In no particular order:

- Tellluride
- Aspen 
- Vail
- Mammoth
- Austria (Neustift maybe?)
- Jackson Hole/Grand Targhee
- Sun Valley
- Big Sky/Whitefish
- Lake Louise


----------



## neednsnow

Bucket List:

Telluride
Whistler
Wolf Creek
Andes
New Zealand


----------



## poutanen

It's funny to see so many people wanting to do Whistler, when there are so many other resorts in BC...

I guess it's also funny that more people go to Tremblant, when Jay is the same distance from Montreal.


----------



## Booo!

poutanen said:


> It's funny to see so many people wanting to do Whistler, when there are so many other resorts in BC...
> 
> I guess it's also funny that more people go to Tremblant, when Jay is the same distance from Montreal.


Intrawest marketing hard at work. But Tremblant > Jay, and I'm not really a Tremblant fan.


----------



## Jem

Bucket List:
Vail
Jay Peak
Park City
Mont Tremblant
Telluride - happening in a few days tho, so gets to move to the been to list 

Been to:
Stowe
Stratton
Mt. Snow
Killington
Hunter
Chamonix
Crans-Montana
Zermatt

No particular order for either list, but so far on the East Stowe is my favorite.


----------



## poutanen

Booo! said:


> Intrawest marketing hard at work. But Tremblant > Jay, and I'm not really a Tremblant fan.

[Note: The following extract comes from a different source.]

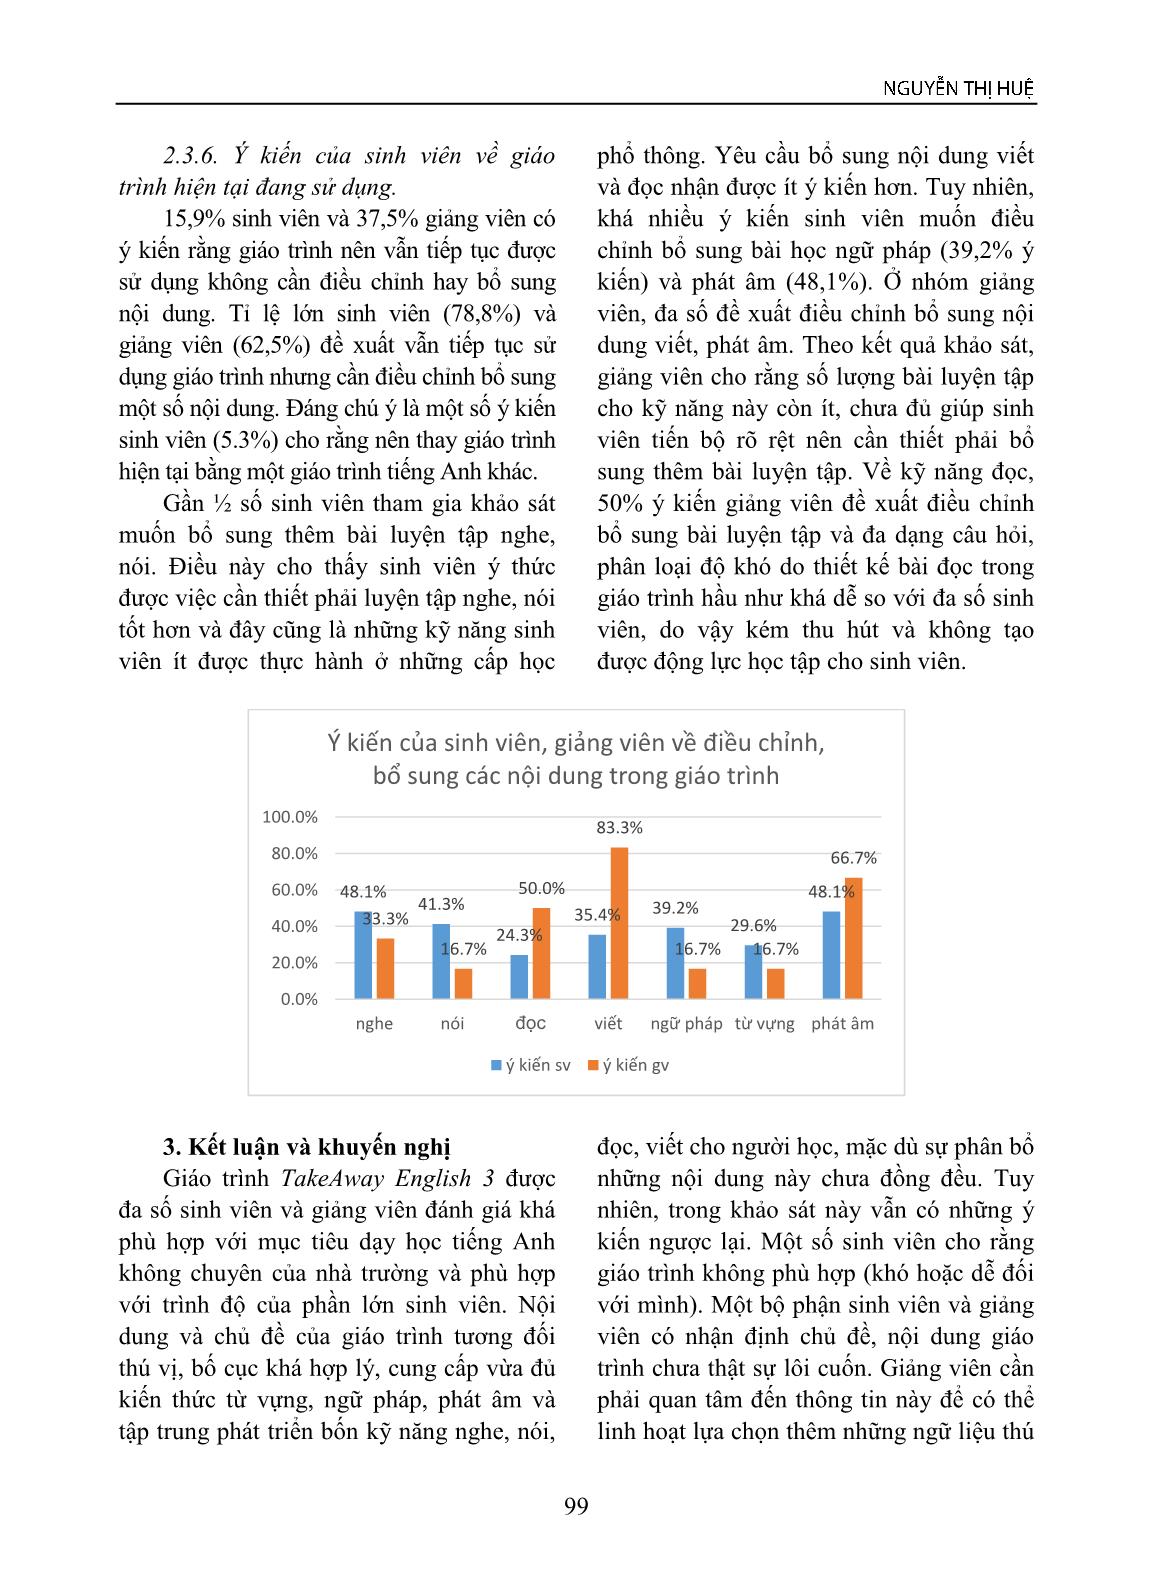 Đánh giá hiệu quả sử dụng giáo trình takeaway English 3 trong việc dạy và học tiếng Anh không chuyên tại trường đại học Sài Gòn trang 5
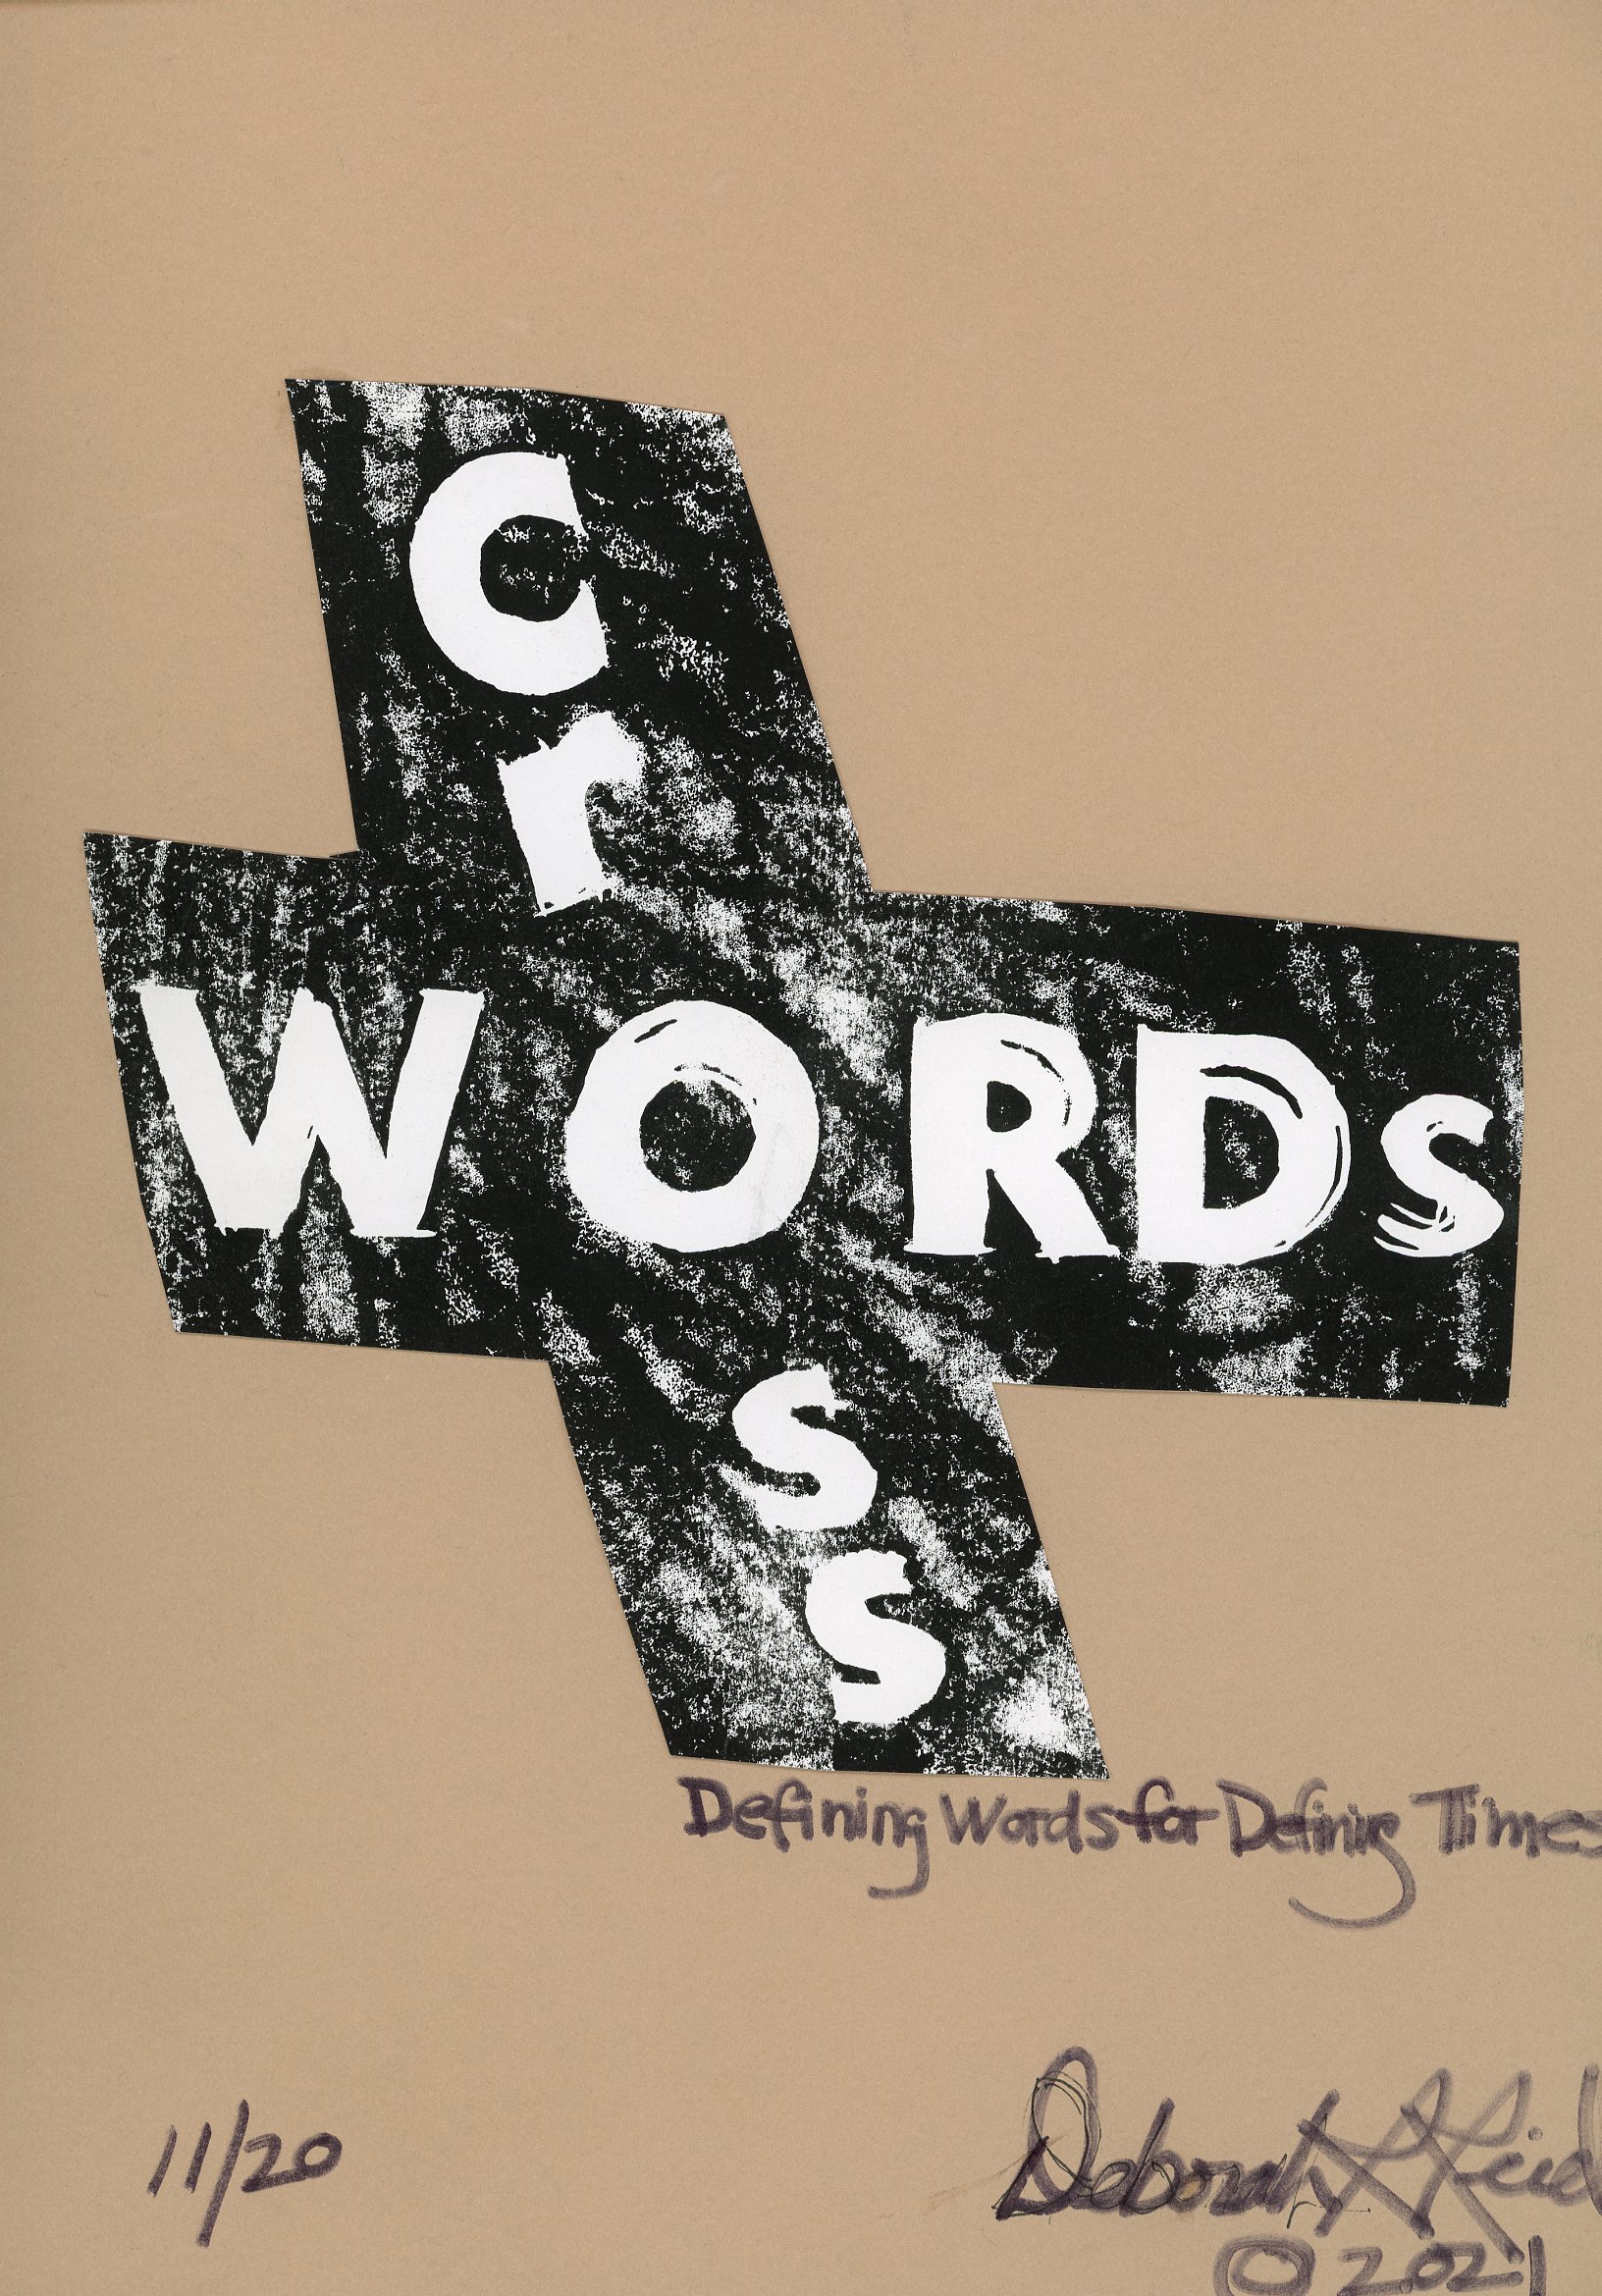 CrossWords: Defining Words for Defining Times, Deborah Reid

Not to start a debate here, but you're the only person I've ever heard say that! Depends on what you like I guess, but for off-piste, I much prefer Jay to anything else I've hit in the east (Mt Sutton may have been a close second)... It's been a LONG time since I was at Sutton!


----------



## Bones

I prefer Tremblant to Jay, but....

I only hit Tremblant mid-week after a storm and I'm only able to get to Jay on weekends so it's an apples to oranges comparison.

But...places I've been that I'd go back to:

Kicking Horse
Revelstoke
Whistler
Lake Louise

Places on the bucket list

St. Anton
Anywhere in Japan
Vail
And the Castle, Fernie, Red Mountain area.


----------



## surfinsnow

Gotta read my full list, But I've done most of New England and Tahoe.

Starting from the South;

Mohawk, CT
Sundown, CT

Catamount, MA/NY
Jiminy Peak, MA
Butternut, MA
Wachusett, MA
Berkshire East, MA

Mount Snow, VT
Okemo, VT
Killington, VT
Pico, VT
Stratton, VT
Bromley, VT
Bolton Valley, VT
Burke, VT
Sugarbush, VT
Stowe, VT
Jay Peak, VT

Sunapee, NH
Ragged, NH
Loon, NH
Cannon, NH 

Kirkwood, Tahoe
Heavenly, Tahoe
Homewood, Tahoe
Alpine Meadows, Tahoe
Squaw Valley, Tahoe
Mount Rose, Tahoe
Diamond Peak, Tahoe
Northstar, Tahoe
Sugar Bowl, Tahoe


----------



## 24WERD

andrewdod said:


> wow... for me....
> 
> i want to hit in no particular order:
> Jackson Hole
> Mammoth
> Breck
> Aspen
> Vail
> Park City
> Whistler
> all of tahoe
> Baker
> Mt. Hood (i wanna go to the camp)
> im sure theres others and im probably missing a few obvious ones...
> 
> 
> Where Ive been in order
> 
> Snow
> Cannon(Can't beat it on a pow day.)
> Waterville(i work here love the park set up.)
> Stratton(went on a super bitter cold icy day.)
> Bromley
> JFBB
> Montage(Love white lightening)
> Hunter
> Blue Mtn.
> Camelback
> 
> I really havent left the east coast...


Should look into mt collective pass , 5 resorts 2 pass each for 350. Great deal.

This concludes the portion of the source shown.